**WHAT TO PRODUCE:** Repeat the lines below exactly as they appear, but leave out the images.

**DATA SEGMENT:**
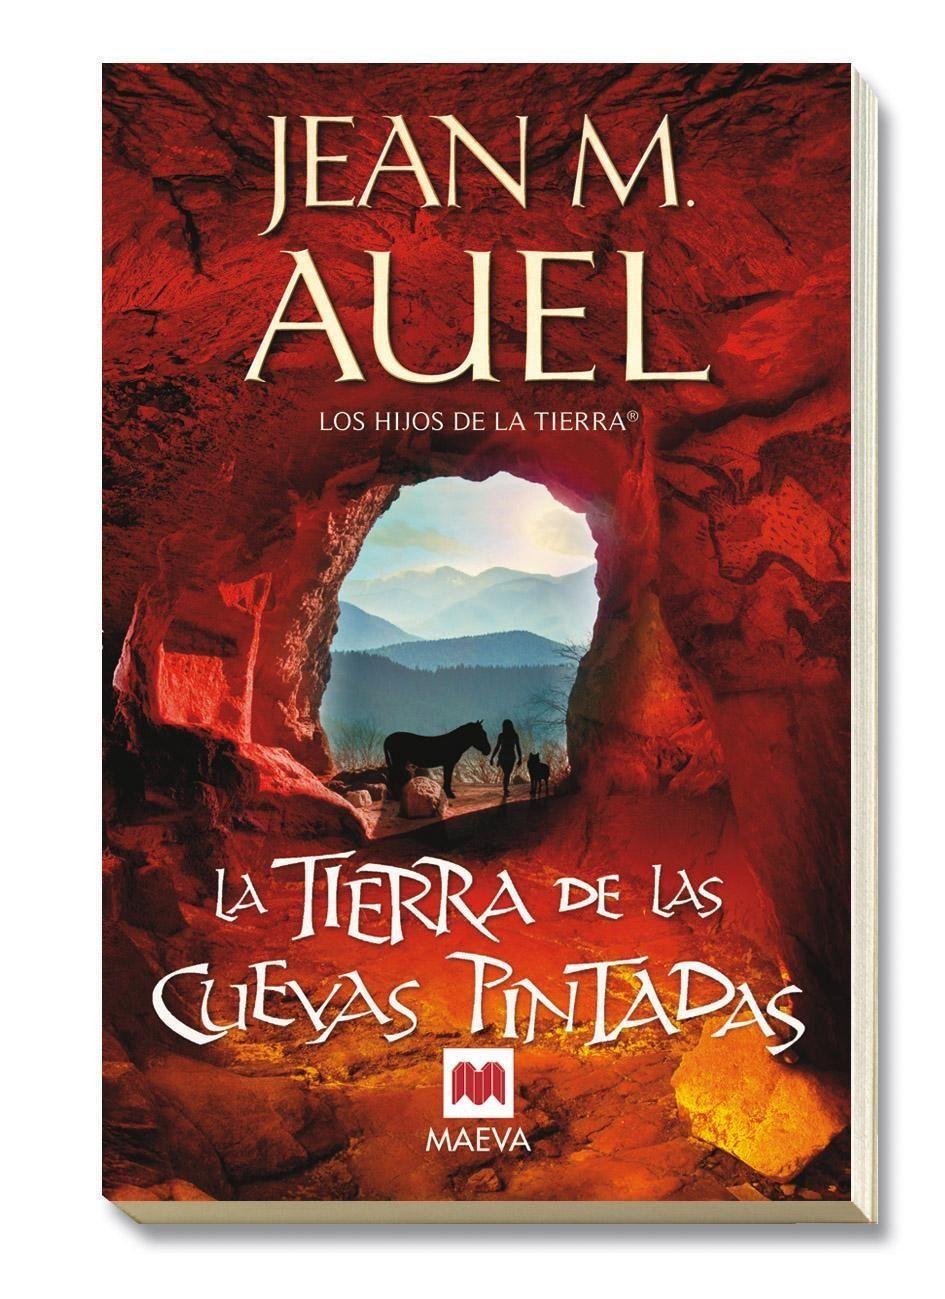 La tierra de las cuevas pintadas, de #Jean_M_Auel, de la saga, Hijos de tierra, mi última adquisición.
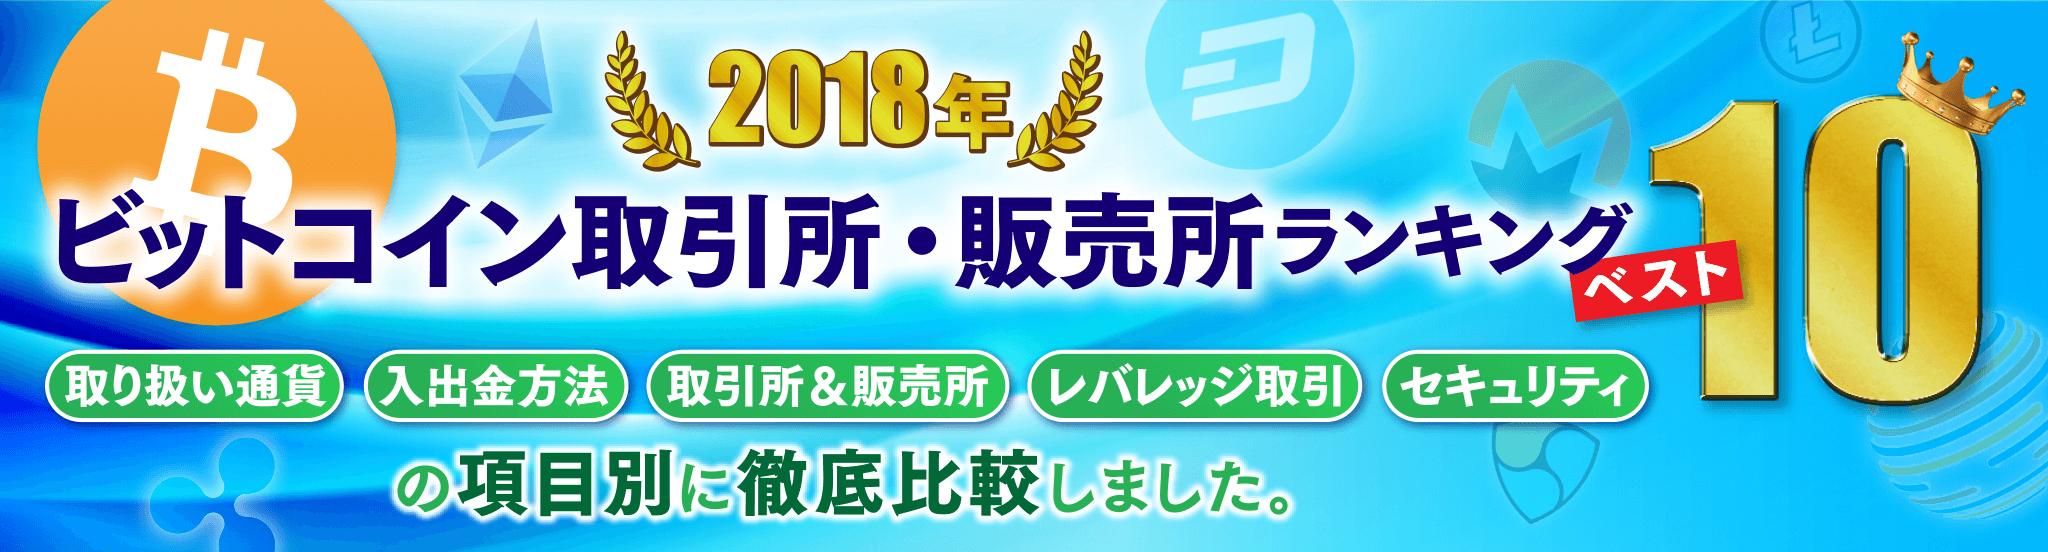 2018年ビットコイン取引所・販売所ランキングベスト10
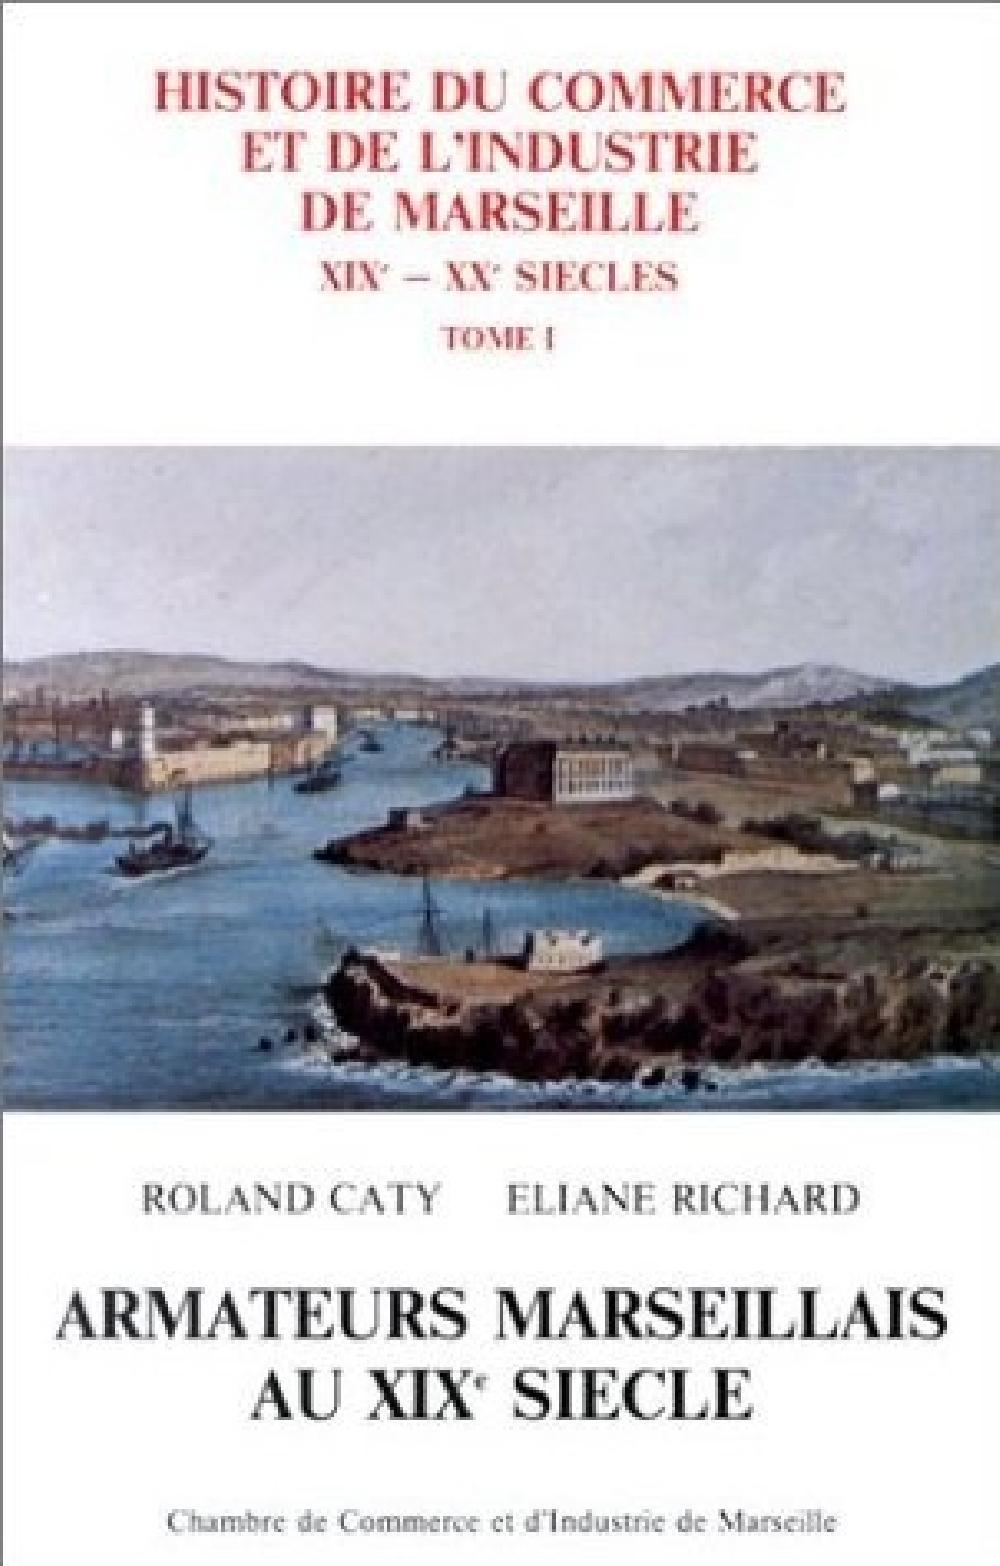 Histoire du commerce et de l'industrie de Marseille : Armateurs marseillais au XIXe siècle

**ANSWER TO THIS TASK:**
 La tierra de las cuevas pintadas, de #Jean_M_Auel, de la saga, Hijos de tierra, mi última adquisición.
 2018年ビットコイン取引所・販売所ランキングベスト10
 Histoire du commerce et de l'industrie de Marseille : Armateurs marseillais au XIXe siècle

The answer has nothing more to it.